Wooden SeatedStatue of Buddha in Beopinsa,Hamyang

Wooden Seated Statue of Buddha in Beopinsa, Hamyang


  • Location: Beopinsa (Temple), Geumcheon-ri, Anui -myeon, Hamyang-gun, Gyeongsangnam-do
  • Selection No.: National Treasure No. 1691
  • Era: Joseon Dynasty


The wooden seated statue of Buddha enshrined in the main building of the temple, Beopinsa, is the work of Yeonggyu and Joneung completed in 1657. Currently, the other Buddha statues sculpted by Yeonggyu is not found. However, Joneung is known to participate in Beop Yeong's works of the wooden seated statue of Buddha of Bul-myeong Sa in Ok Gu, Jeollabuk-do in 1640. And, in 1655, Joneung was in charge of the wooden seated statue of Buddha of Bongseosa in Jeonju, Jeollabuk-do (Jeollabuk-do Tangible Cultural Property No. 156).

The Wooden Seated Statue of Buddha of Beopinsa has the oval shaped face and wide and smooth shoulder lines. The highest of the crossed legs in seating position is low, but wide, completing the good overall proportion to provide stability to viewers. The hands make the typical Buddha look authentic. The left hand standing vertically and the right hand positioned horizontally with the back of the hand showing upward while both hands are making rings meeting the thumb and the middle finger.

The back of the right hand is up, while the hand is in position. The statue's forehead is a little narrow. Both of the eyes are half opened with them, the eyes are partially lifted, which gives somewhat of a sharp image of the statue. The eye brows are crescent moon shaped. And, the nose is sharp. The lips are long and narrow with lifted ends expressing a mild smile on the face. White hair is in between the brows. On the neck, the trails of three realizations are expressed.
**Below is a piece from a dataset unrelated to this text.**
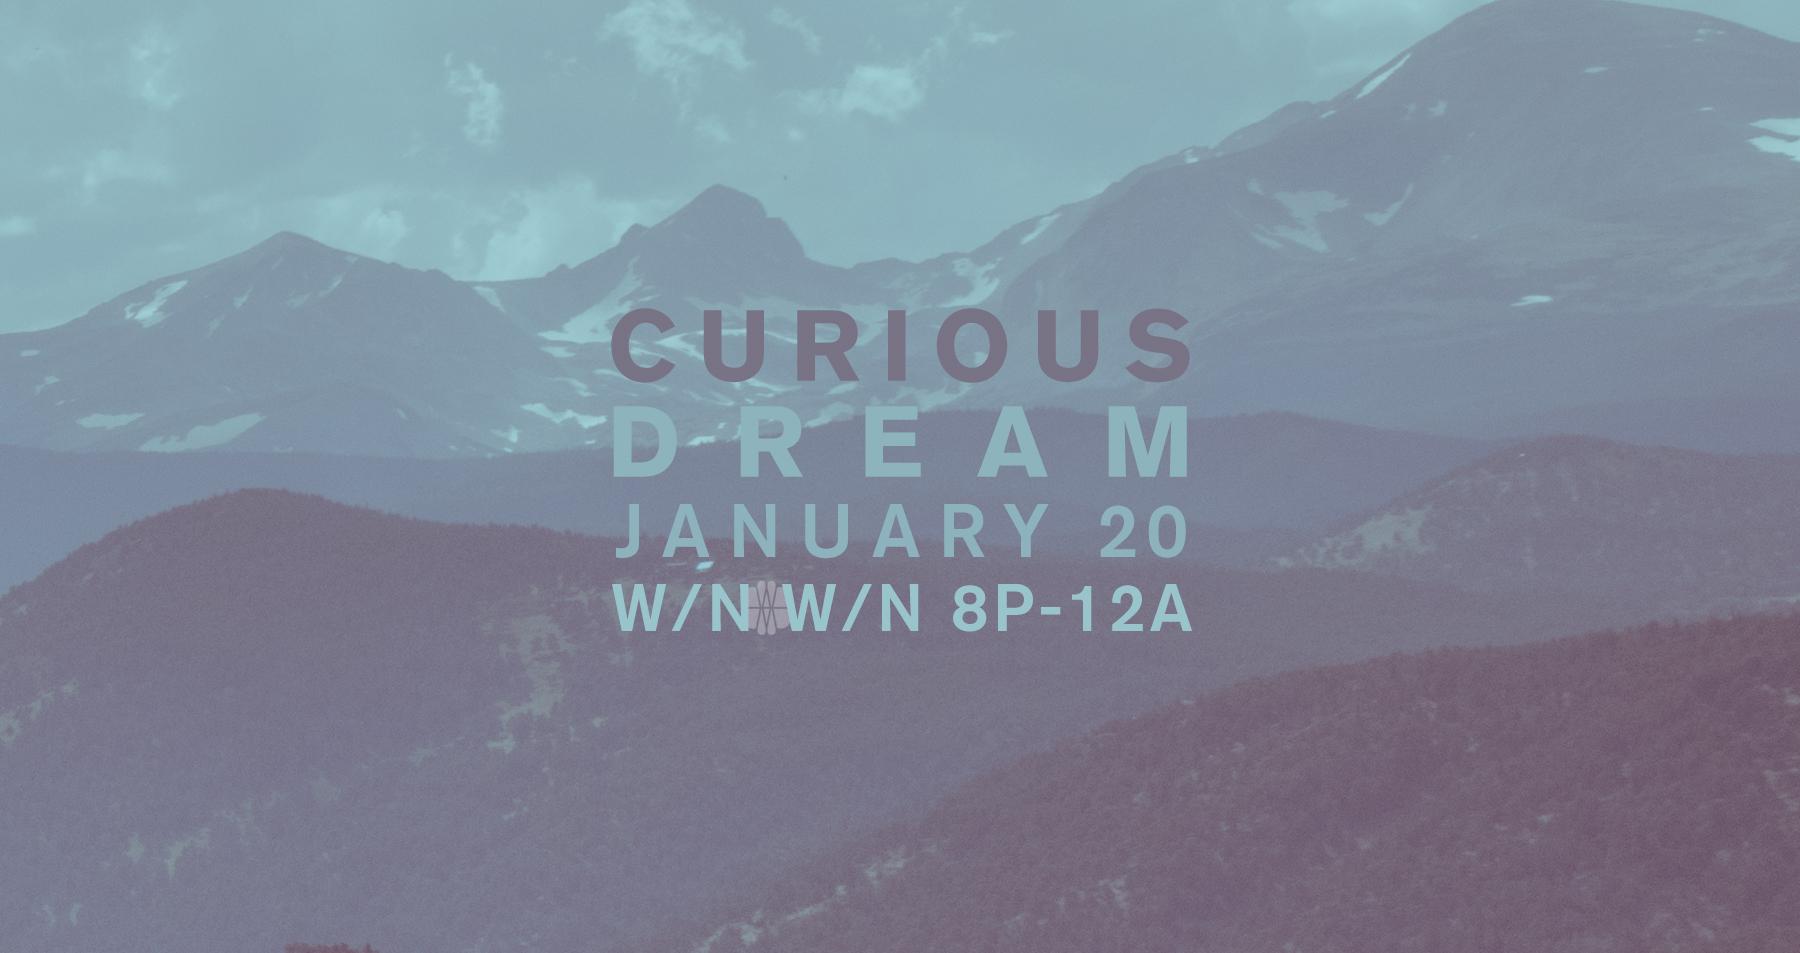 CuriousDream_JAN20_2019.jpg

The dress of Buddha is very well expressed to be the characteristic of the statue. From the center of the legs, the dress drapes are in waves of an unsymmetrical fan shape with differences between left and right parts on the knees. The narrow left sleeve comes down to the inner side of the left leg, yet not adhered to the body. Since the high level of perfection of the wooden seated statue of Buddha of Beop, the Sa was evaluated to have enough value to be subjected and preserved for the studies; the statue was selected to be a National Culture Property Monument.